随着itertools.chain()价值观

This could be faster:

这可能会更快:

from itertools import chain
categories = list(chain.from_iterable(categories.values))

Performance

表现

from functools import reduce
from itertools import chain

categories = pd.Series([['a', 'b'], ['c', 'd', 'e']] * 1000)

%timeit list(chain.from_iterable(categories.values))
1000 loops, best of 3: 231 μs per loop

%timeit list(chain(*categories.values.flat))
1000 loops, best of 3: 237 μs per loop

%timeit reduce(lambda l1, l2: l1 + l2, categories)
100 loops, best of 3: 15.8 ms per loop

For this data set the chaining is about 68x faster.

对于这个数据集,chain速度大约快了 68 倍。

Vectorization?

矢量化?

Vectorization works when you have native NumPy data types (pandas uses NumPy for its data after all). Since we have lists in the Series already and want a list as result, it is rather unlikely that vectorization will speed things up. The conversion between standard Python objects and pandas/NumPy data types will likely eat up all the performance you might get from the vectorization. I made one attempt to vectorize the algorithm in another answer.

当您拥有本机 NumPy 数据类型时(Pandas使用 NumPy 作为其数据),向量化工作。由于我们已经在 Series 中有列表并且想要一个列表作为结果,因此矢量化不太可能加快速度。标准 Python 对象和 Pandas/NumPy 数据类型之间的转换可能会耗尽您可能从矢量化中获得的所有性能。我尝试在另一个答案中对算法进行矢量化。

回答by Mike Müller

Vectorized but slow

矢量化但速度慢

You can use NumPy's concatenate:

您可以使用 NumPy 的 concatenate

import numpy as np

list(np.concatenate(categories.values))

Performance

表现

But we have lists, i.e. Python objects already. So the vectorization has to switch back and forth between Python objects and NumPy data types. This make things slow:

但是我们已经有了列表,即 Python 对象。因此矢量化必须在 Python 对象和 NumPy 数据类型之间来回切换。这使事情变慢:

categories = pd.Series([['a', 'b'], ['c', 'd', 'e']] * 1000)

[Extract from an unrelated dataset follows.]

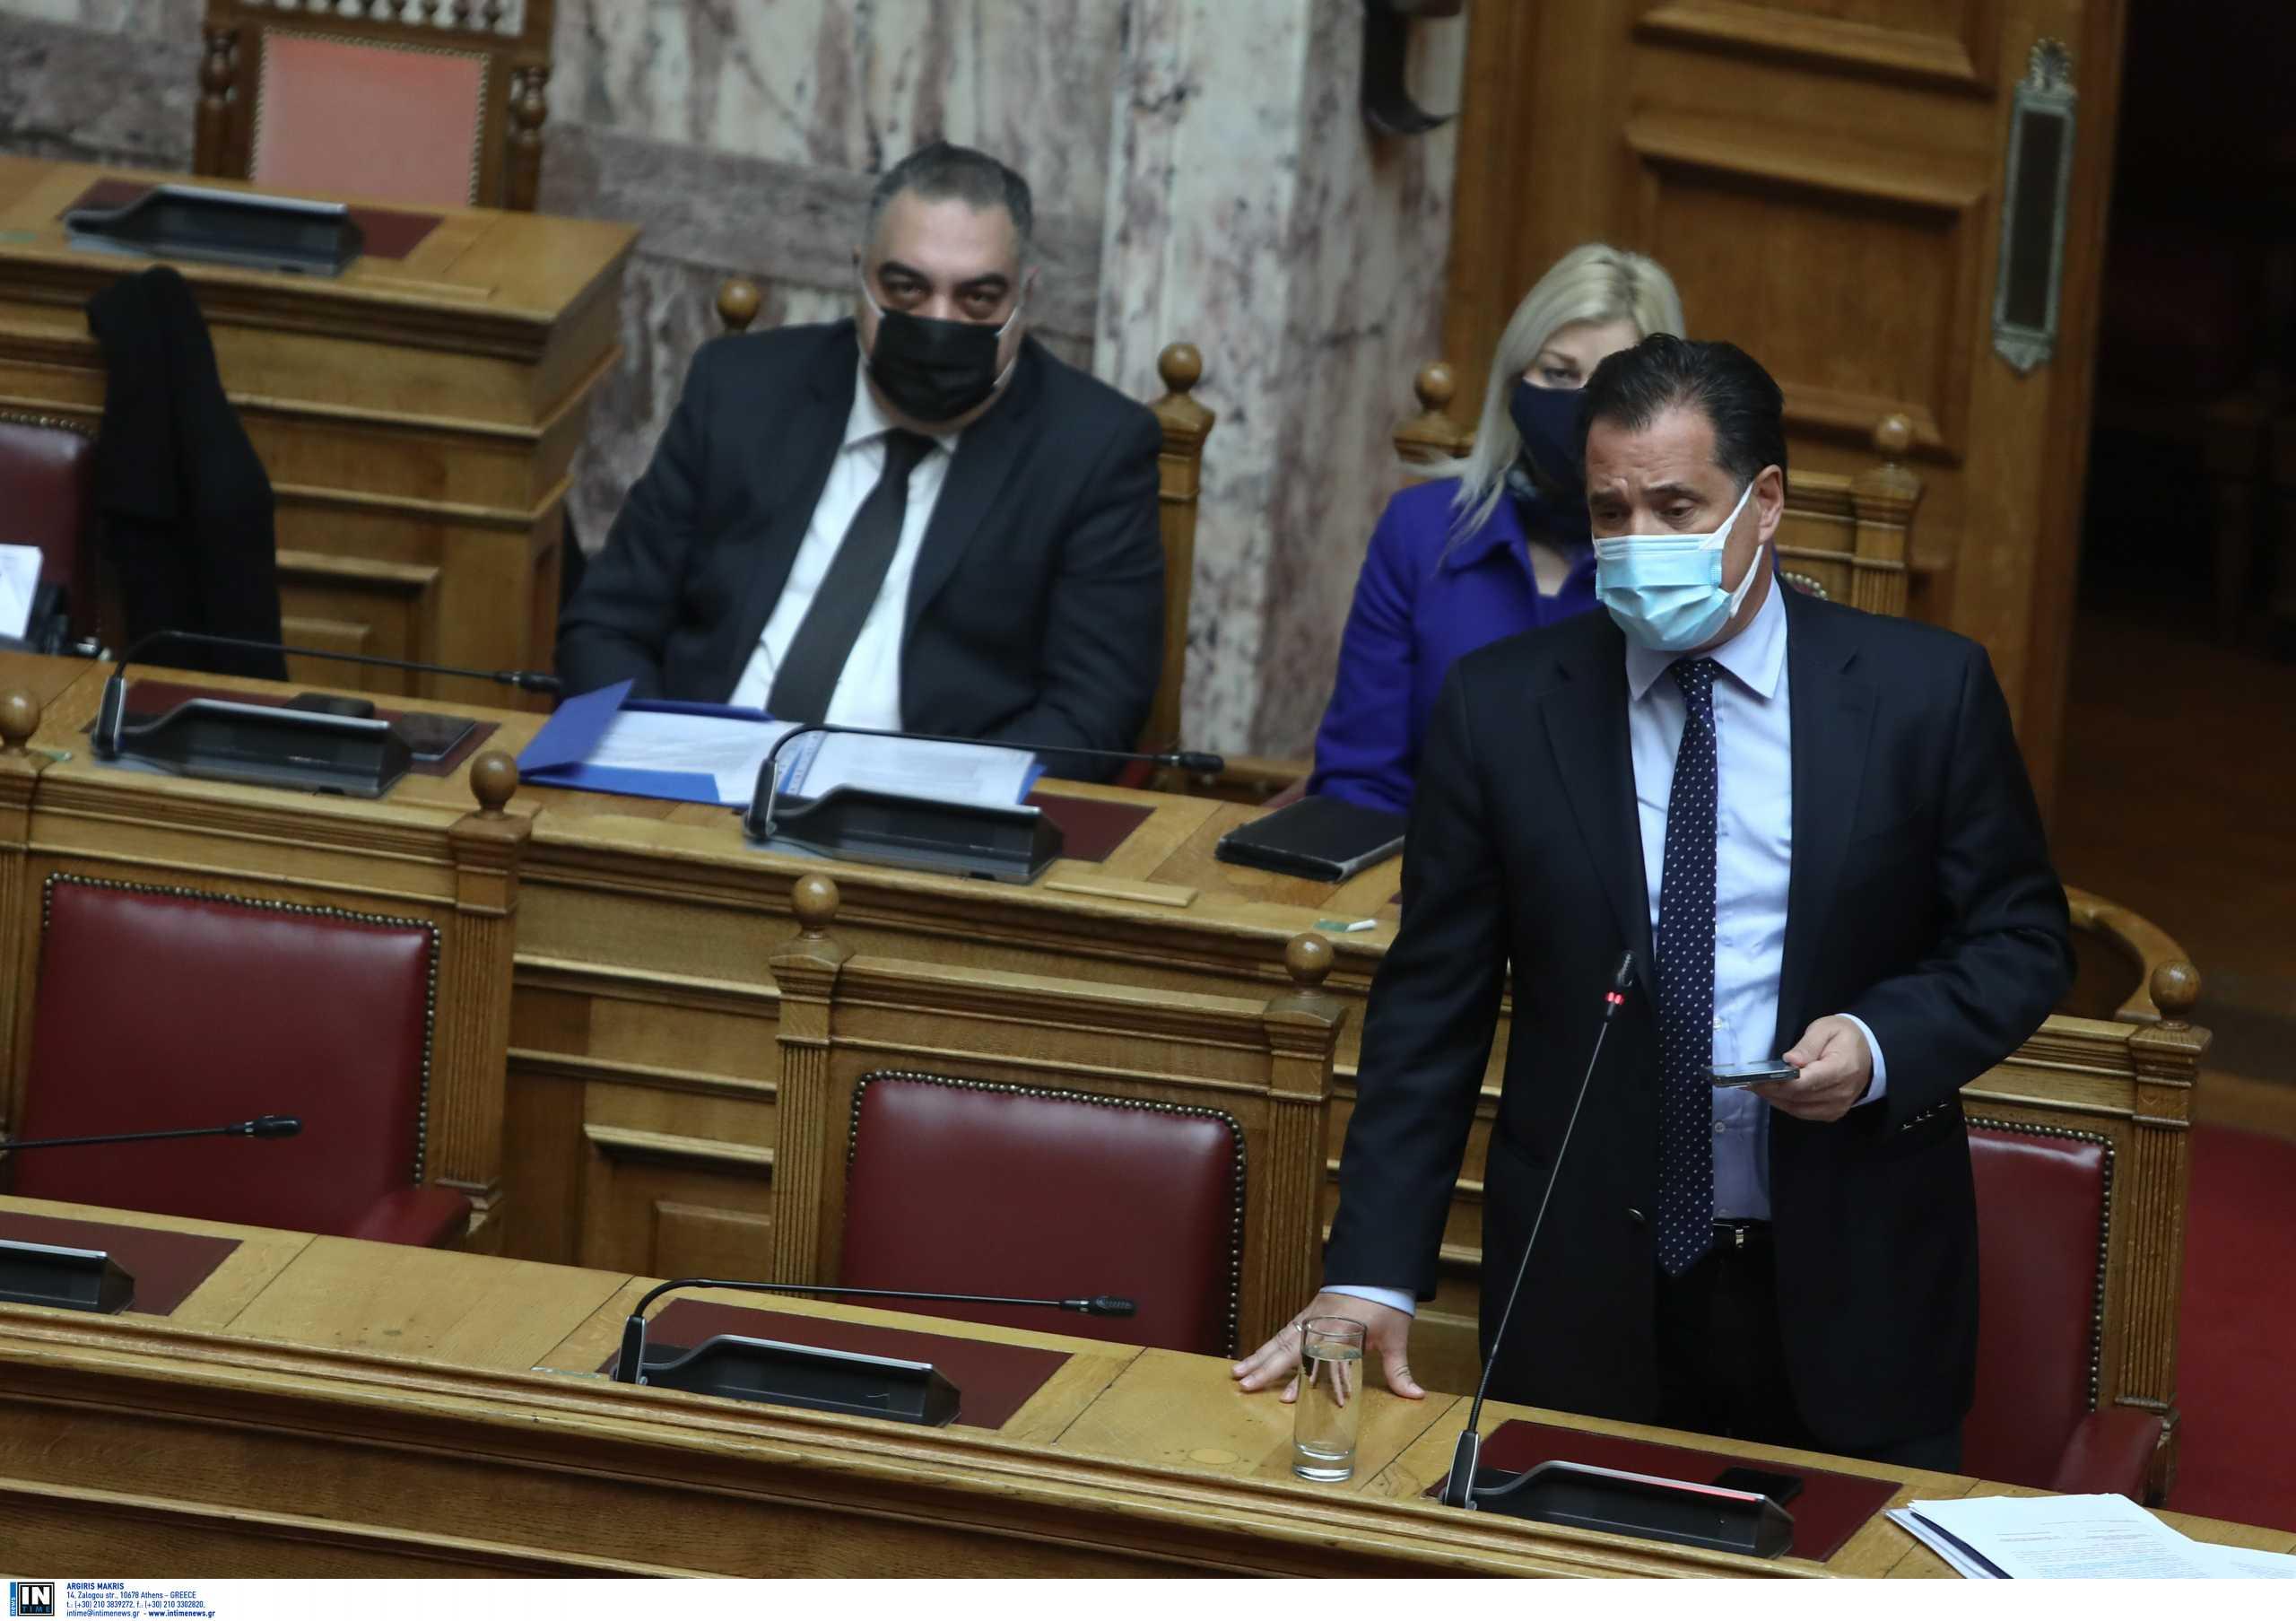 Ο Άδωνις Γεωργιάδης προανήγγειλε άνοιγμα των δεξιώσεων – Τι είπε για την εστίαση

%timeit list(np.concatenate(categories.values))
100 loops, best of 3: 7.66 ms per loop

%timeit np.concatenate(categories.values)
100 loops, best of 3: 5.33 ms per loop

%timeit list(chain.from_iterable(categories.values))
1000 loops, best of 3: 231 μs per loop

回答by ssm

You can try your luck with business["categories"].str.join(''), but I am guessing that Pandas uses Pythons string functions. I doubt you can do better tha what Python already offers you.

你可以试试你的运气business["categories"].str.join(''),但我猜 Pandas 使用 Python 的字符串函数。我怀疑你能比 Python 已经提供给你的东西做得更好。

回答by Muhammad Mubashirullah Durrani

I used "".join(business["categories"])

我用了 "".join(business["categories"])

It is much faster than business["categories"].str.join('')but still 4 times slower than the itertools.chainmethod. I preferred it because it is more readable and no import is required.

business["categories"].str.join('')比该itertools.chain方法快得多,但仍比该方法慢 4 倍。我更喜欢它,因为它更具可读性并且不需要导入。